Joe Bryant, the sheriff of Blue County, a good friend of Mr. Mashburn, told of an unusual experience he had with whipping a man. The Indian man was tried for his second offense and was to get one hundred lashes. Mr. Bryant had nine deputies and each were to give him ten lashes after, he was tied to a tree. Bryant was to put on the last

Page 403

ten licks. His sympathy was aroused, and he told the men when they gave him the licks to give light ones. When Bryant gave the last ten licks they untied him and the man jumped up and whooped at him. Bryant said "he felt he should have tied him up and whipped him again." Any one who had been whipped lost his franchise unless it was restored to them by an act of the Legislature.

Mr. Mashburn was a legal member of the Chickasaw tribe, having married a Chickasaw woman. He served as Judge of Panola County two years. One of the unusual cases that came before him was a man by the name of Wilson, a desperate character who had killed a nephew of George Harkins. He was tried and convicted and sentenced to be hanged. He got away from the court sentence by swearing that he was not a Chickasaw, but a United States citizen, which made him immune to be tried before an Indian court. He claimed he was part negro and very little Chickasaw. He had never said before he was of negro blood, and not until his neck was in jeopardy did he admit that he was not Indian.
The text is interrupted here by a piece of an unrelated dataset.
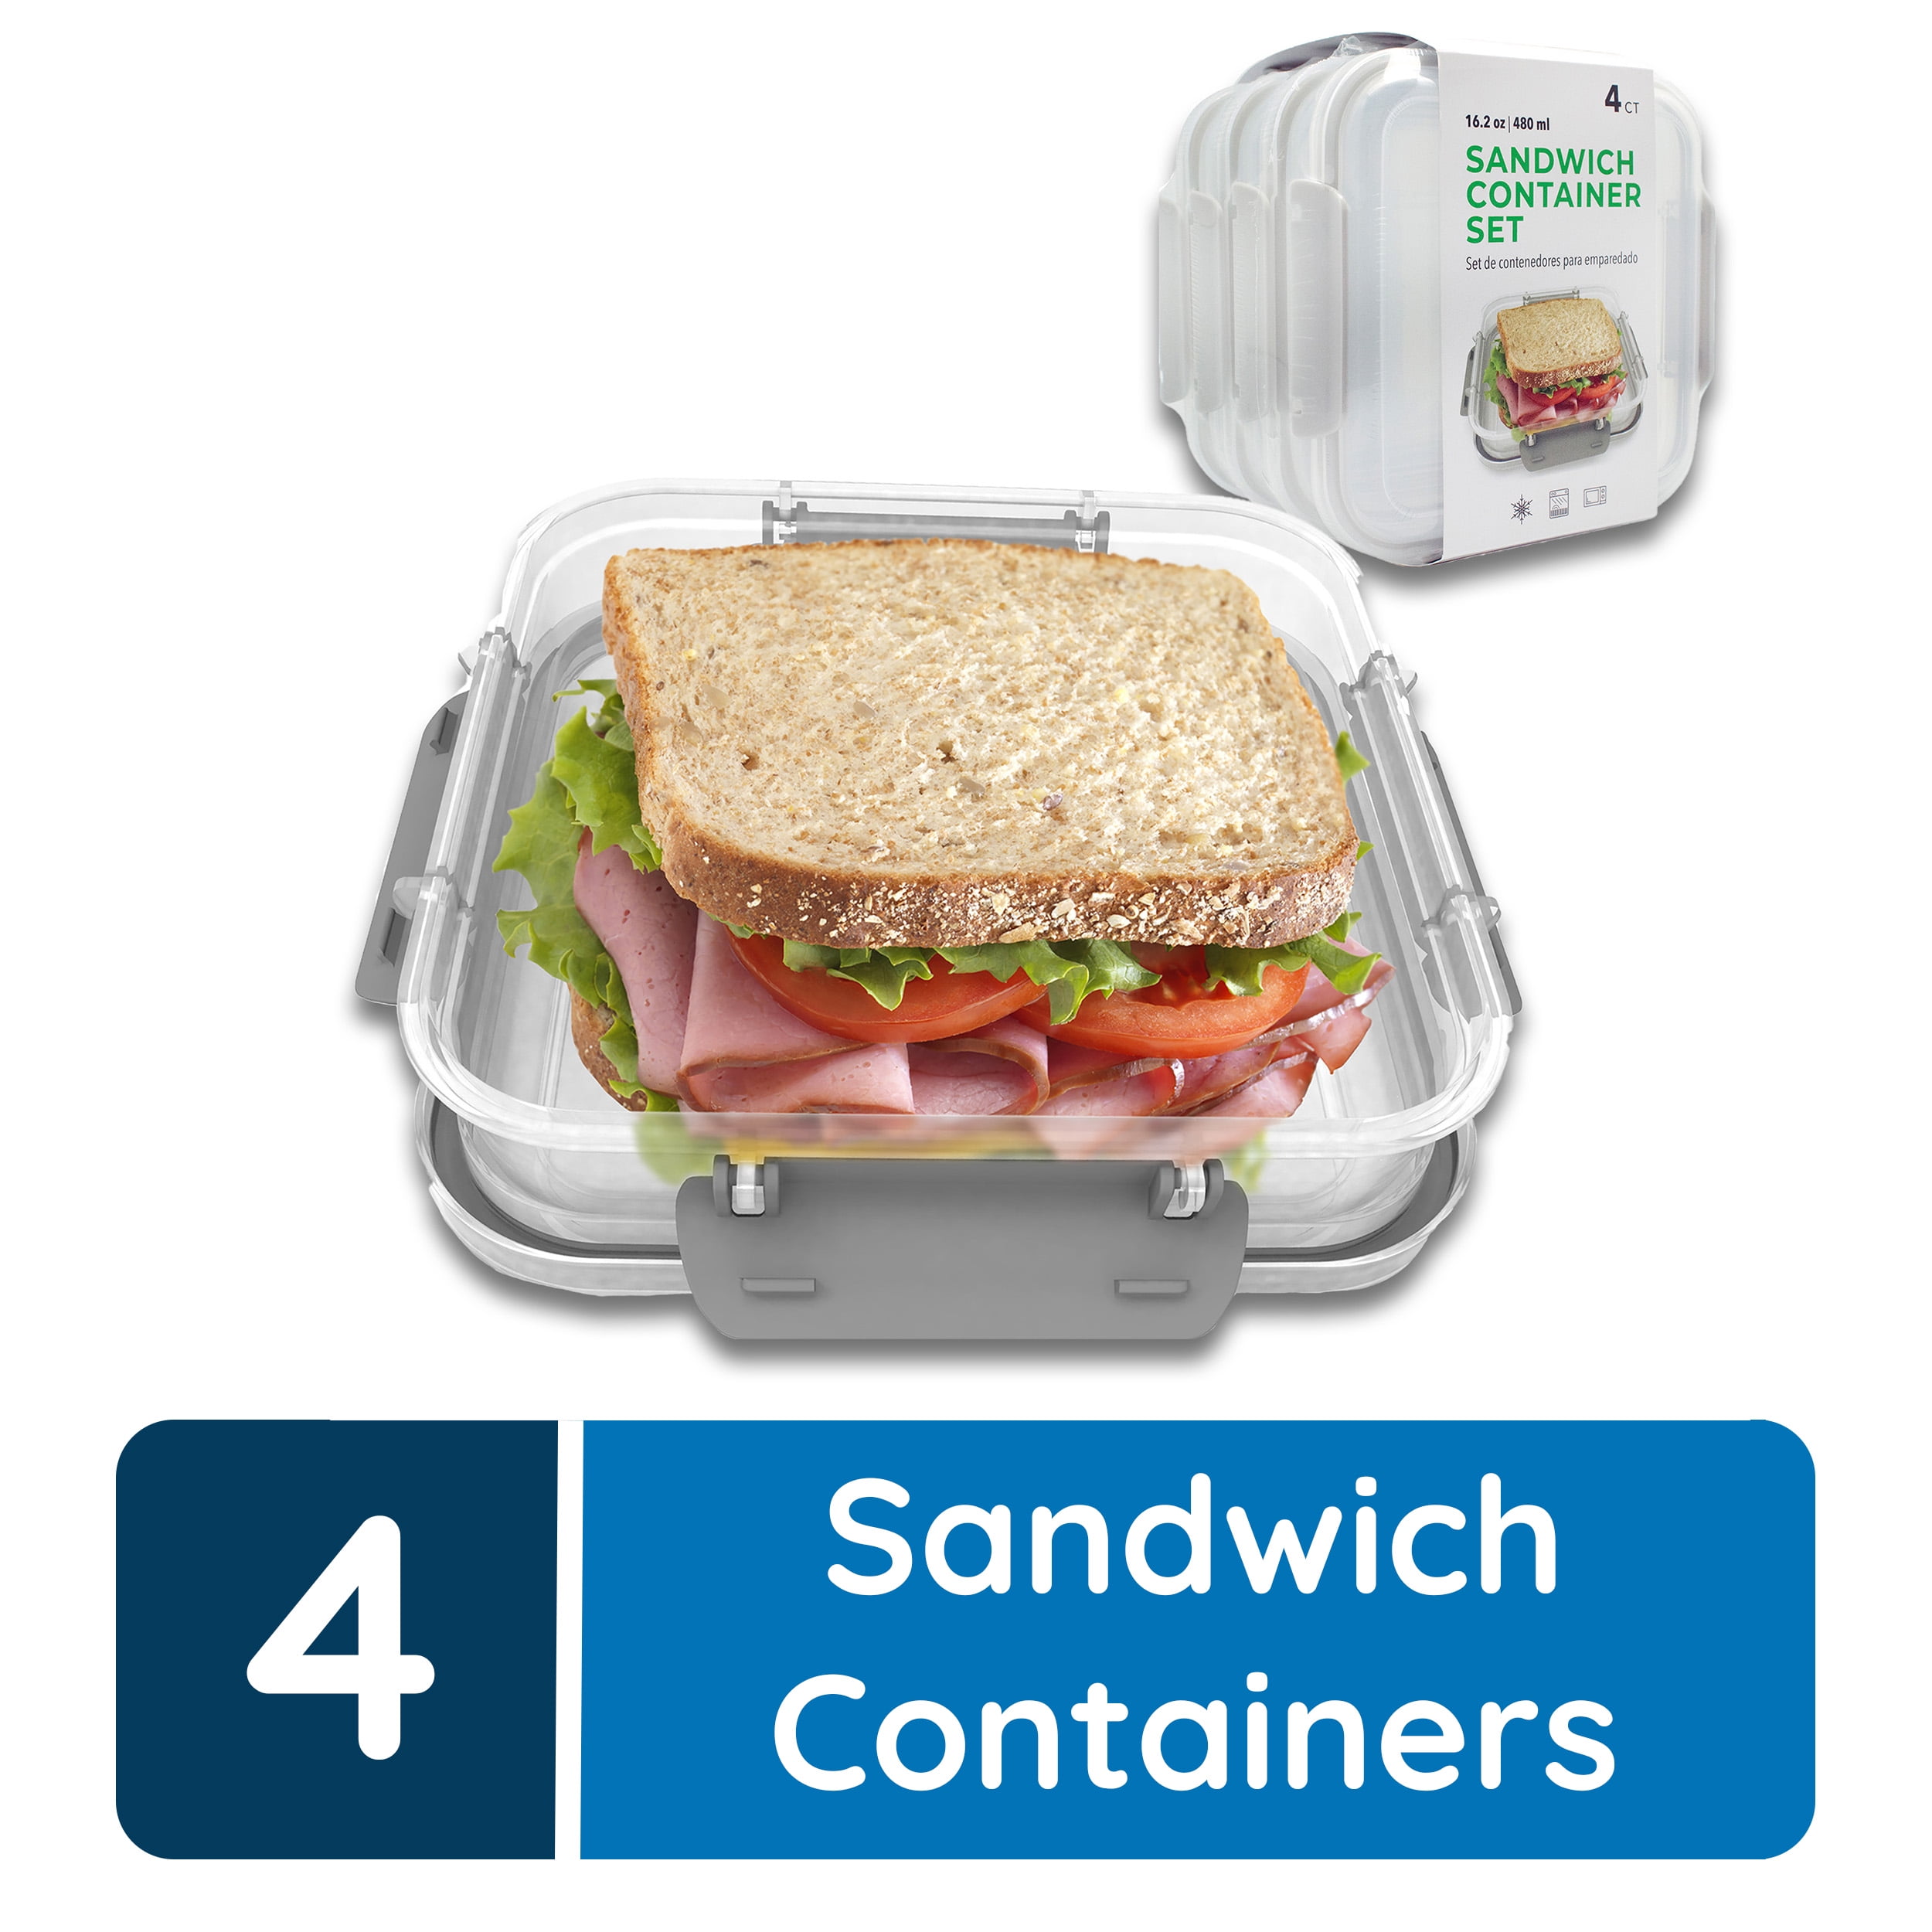 Snap Fresh - 4 Pack of Sandwich Containers (450 ml) - Reusable, BPA Free  Plastic, Snap & Lock Shut Lids and Silicone Seal. Great for Fruit, Salad

One of the attorney generals Robert Boyd, let many cases go by default because he was afraid of the prosecuting attorneys, George Harkins, and George James, because they were better versed in the law than he was. The way he would do he would say he had the headache or the neuralgia, and go to the woods. This surely would provoke the Sheriff and those who had spent much time in working up the cases. On several occasions it had taken the Sheriff four or five days to get the witness there. There were no railroads at that time in the Territory except the M. K. and T. and the Sheriff had to go on horseback through the country and find the witnesses as best he could.
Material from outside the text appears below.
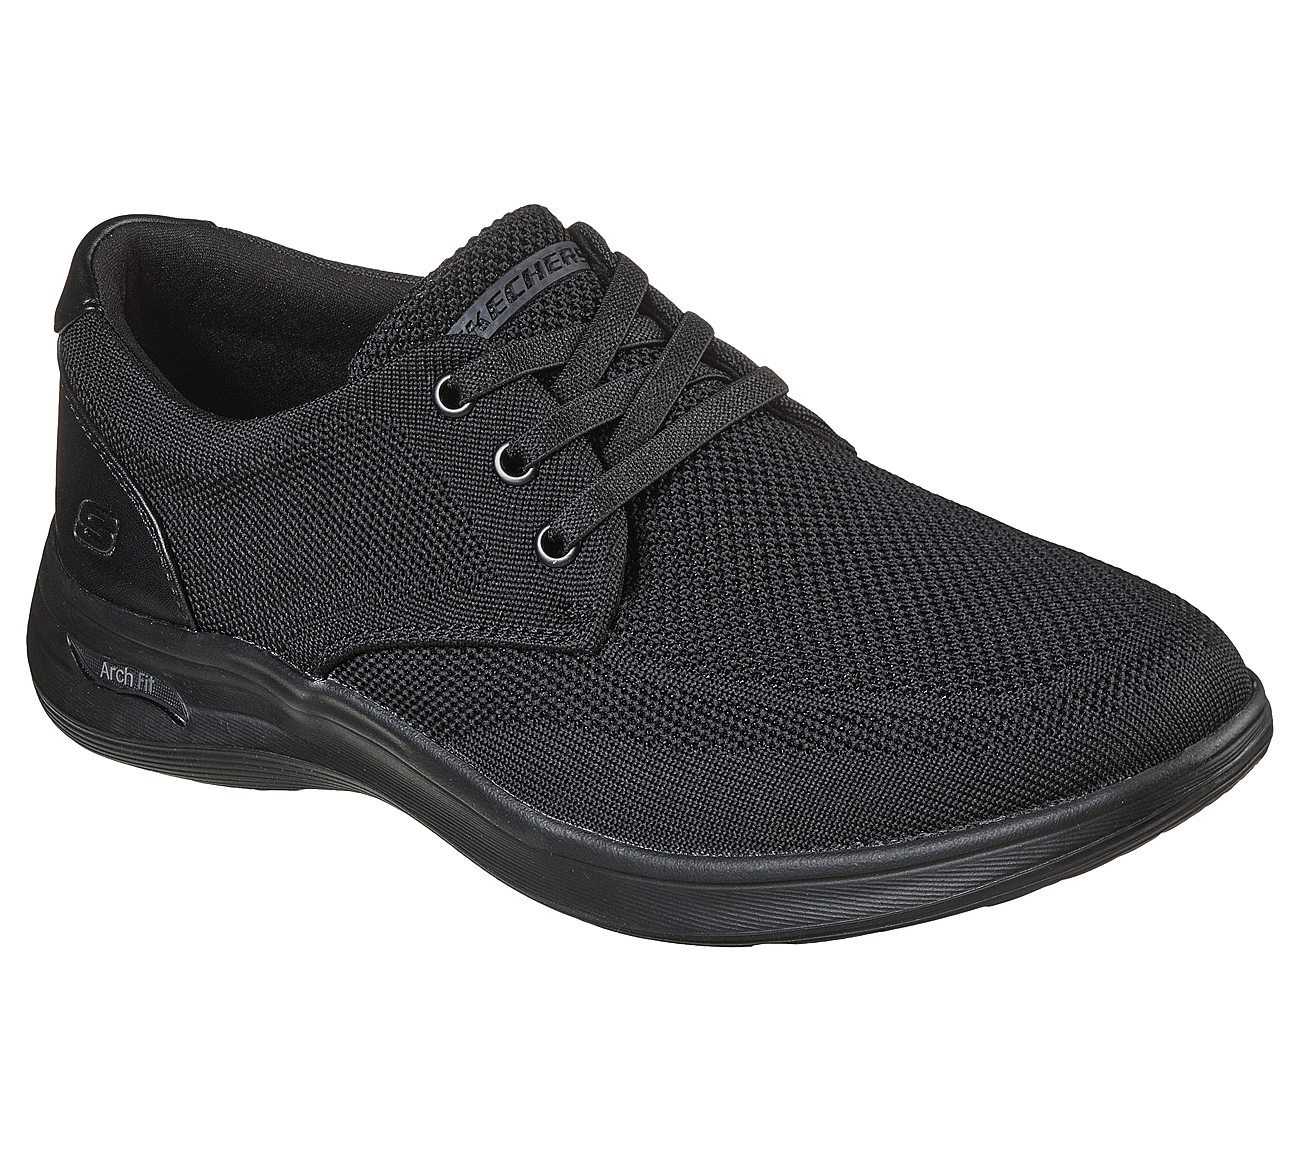 ARCH FIT DARLO - WEEDON, BBLACK Footwear Lateral View

An incident that happened in county court at Tishomingo, was a case which came up regarding the disposition of property in the case of separation of a man and his wife. Judge Joe Harris was presiding. The woman was a Chickasaw and the man was white. They had accumulated quite a little property. Judge Harris was going to give the woman everything, and not let the man have anything. Frank Overton was Governor at the time and happened to be present. He asked the Judge if he did not think he was exceed-

Page 404

ing his authority. After a little consideration the Judge changed his ruling, and did not mind the interference of the Governor.

It is interesting to know what the salaries of those Chickasaw officials were at that time. The Governor received $1500.00, Attorney General, $500.00, County Judge, $200.00, District Judge, $600.00, Supreme Judge, $200.00, Treasurer, $600.00, Auditor, $500.00, Constable, $400.00, Superintendent of Schools $750.00, Supreme Clerk, $100.00. The Senators and Representatives of the Legislature received four dollars a day; Draftsmen, Clerks, Interpreters and Sergeants at Arms also received four dollars a day. Principal of teachers, $1500.00 a year, Seamstresses in schools $300.00, Laundresses $300.00, and the Cooks in the schools received $300.00 per year.

By such a simple code of laws the Chickasaw people lived peaceably and happily together. It was after the settling and the intrusion of so many white people their troubles began.


The above article was obtained by Czarina C. Conlan in an interview with Judge John H. Mashburn November 18th. 1926.